Additionally, the study’s boundary conditions were derived from literature data rather than patient-specific clinical measurements. This approach, while necessary in the absence of accessible patient data, introduces a degree of generalization that may not accurately reflect the unique physiological conditions of individual patients. Such generalizations could limit the model’s applicability for predicting patient-specific outcomes.
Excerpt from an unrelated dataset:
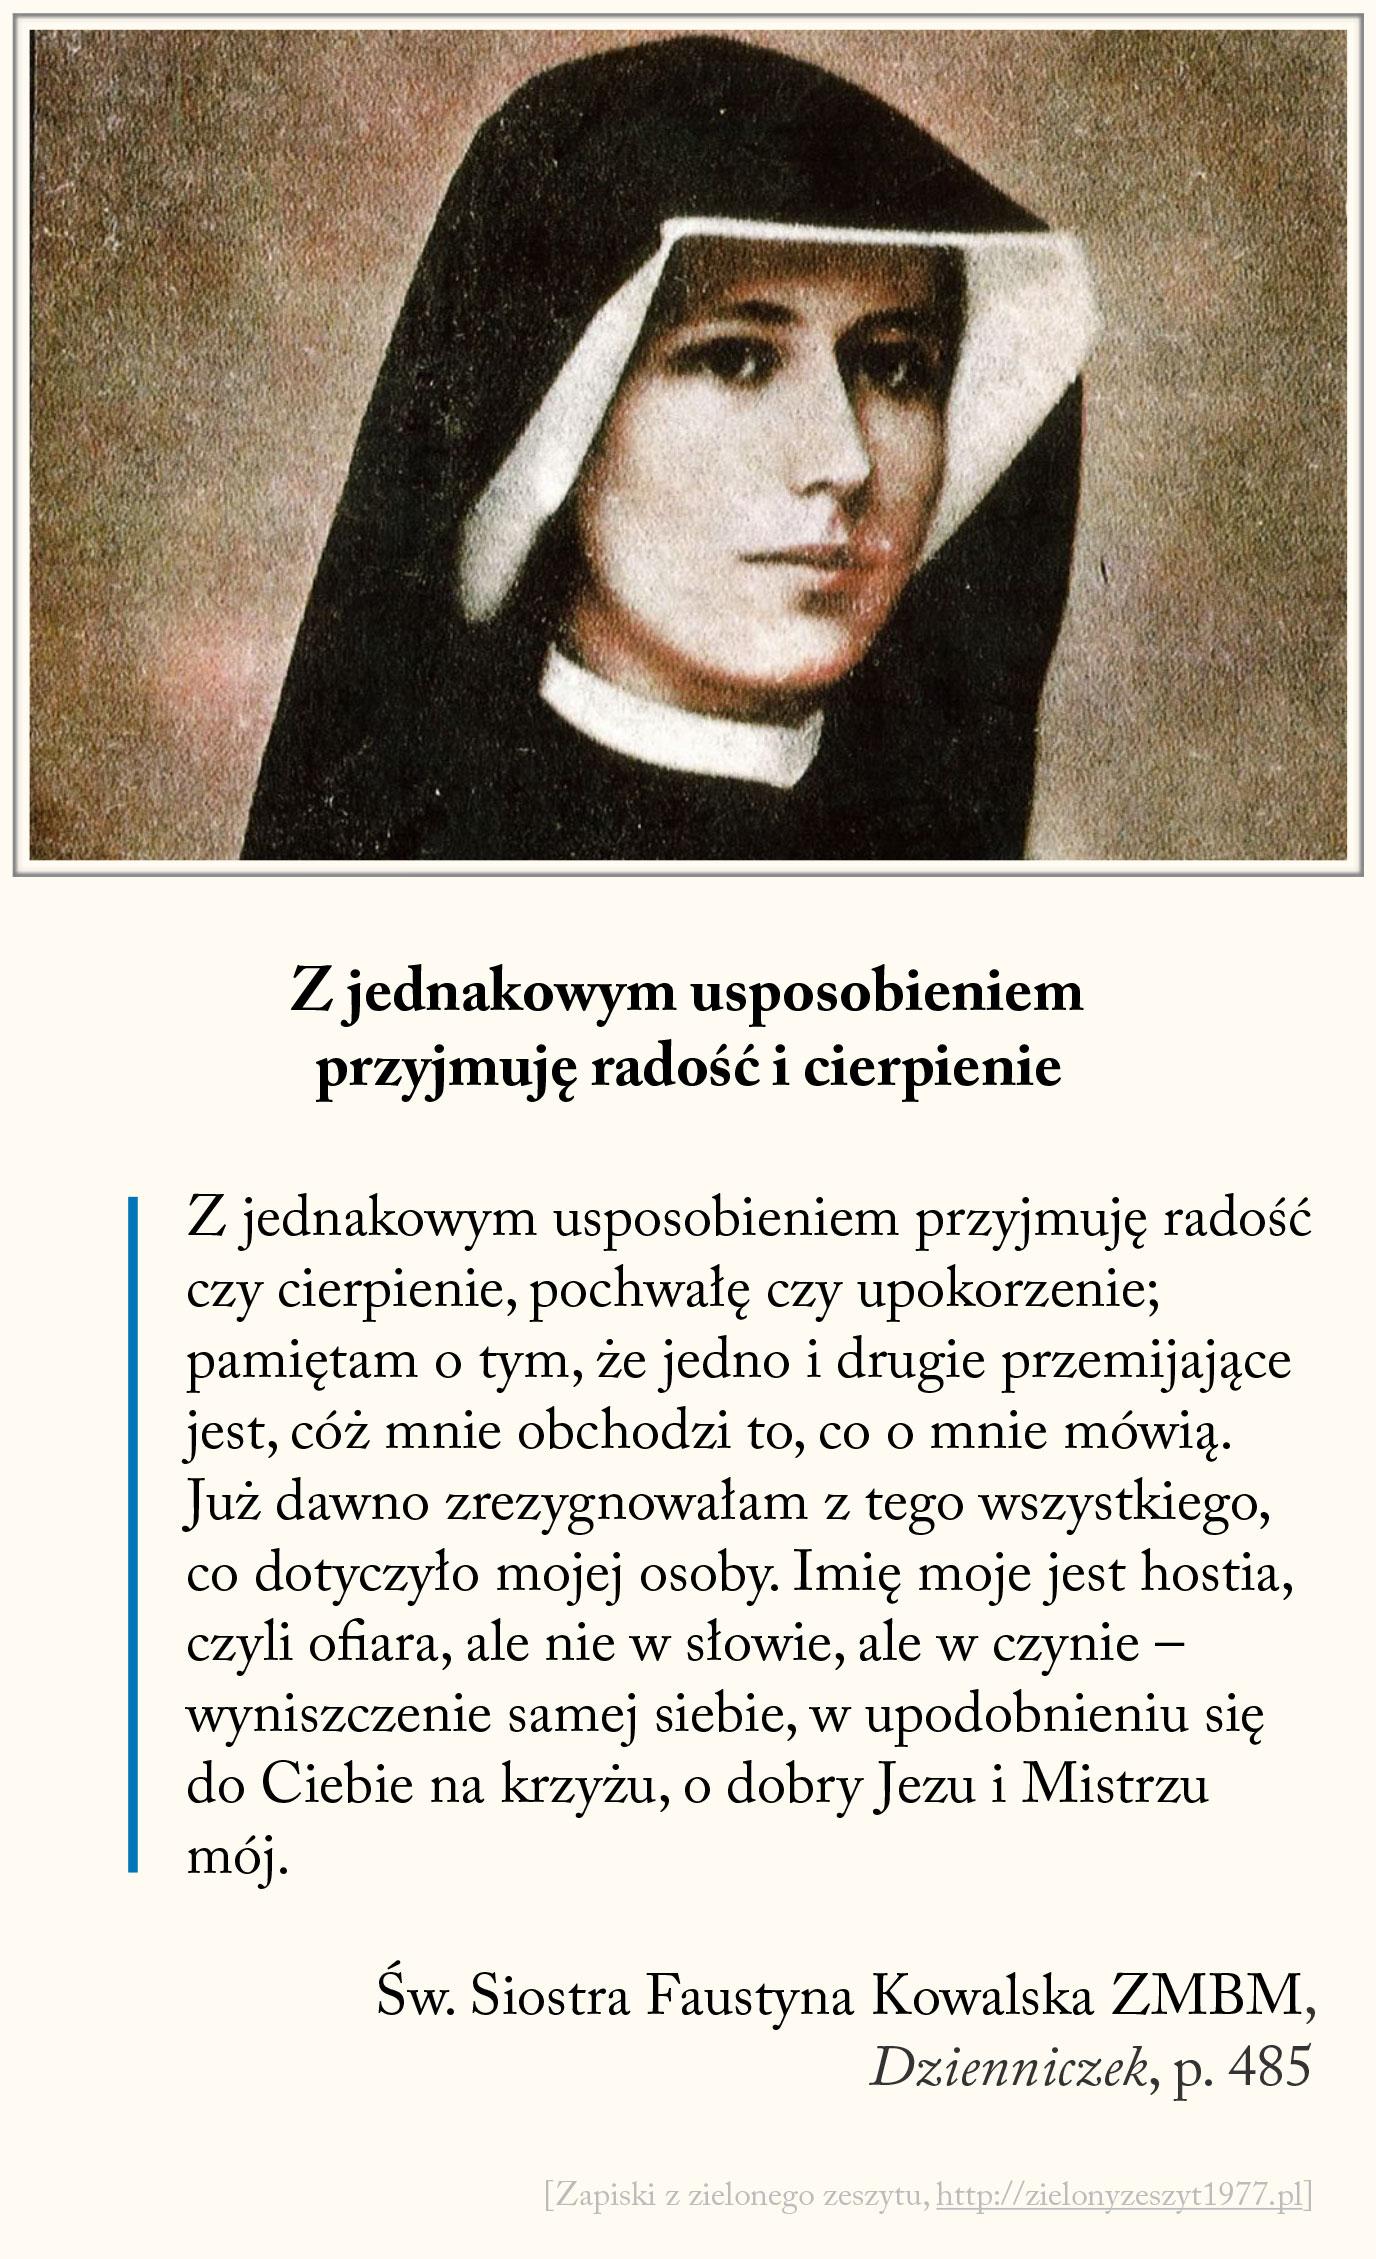 Z jednakowym usposobieniem przyjmuję radość i cierpienie, św. Faustyna Kowalska

Despite these limitations, this study provides valuable insights into the comparative accuracy of simplified and hyperelastic models in predicting key hemodynamic parameters relevant to the assessment of rupture and thrombosis risk in AAAs. By highlighting the trade-offs between model complexity and computational efficiency, it contributes to the ongoing discourse on optimizing AAA modeling approaches for both research and clinical applications.

Data Availability

The data used to support the findings of this study are available from the corresponding author upon request.

Conflicts of Interest

The author declares that there are no conflicts of interest related to this research.

Acknowledgments

The author thanks Embodi3D website (https://www.embodi3d.com) for providing the CT scan data, which served as the foundation for the geometric preparations. The author also wishes to express thanks to ChatGPT, whose assistance was invaluable in polishing the text to enhance the manuscript’s clarity and readability.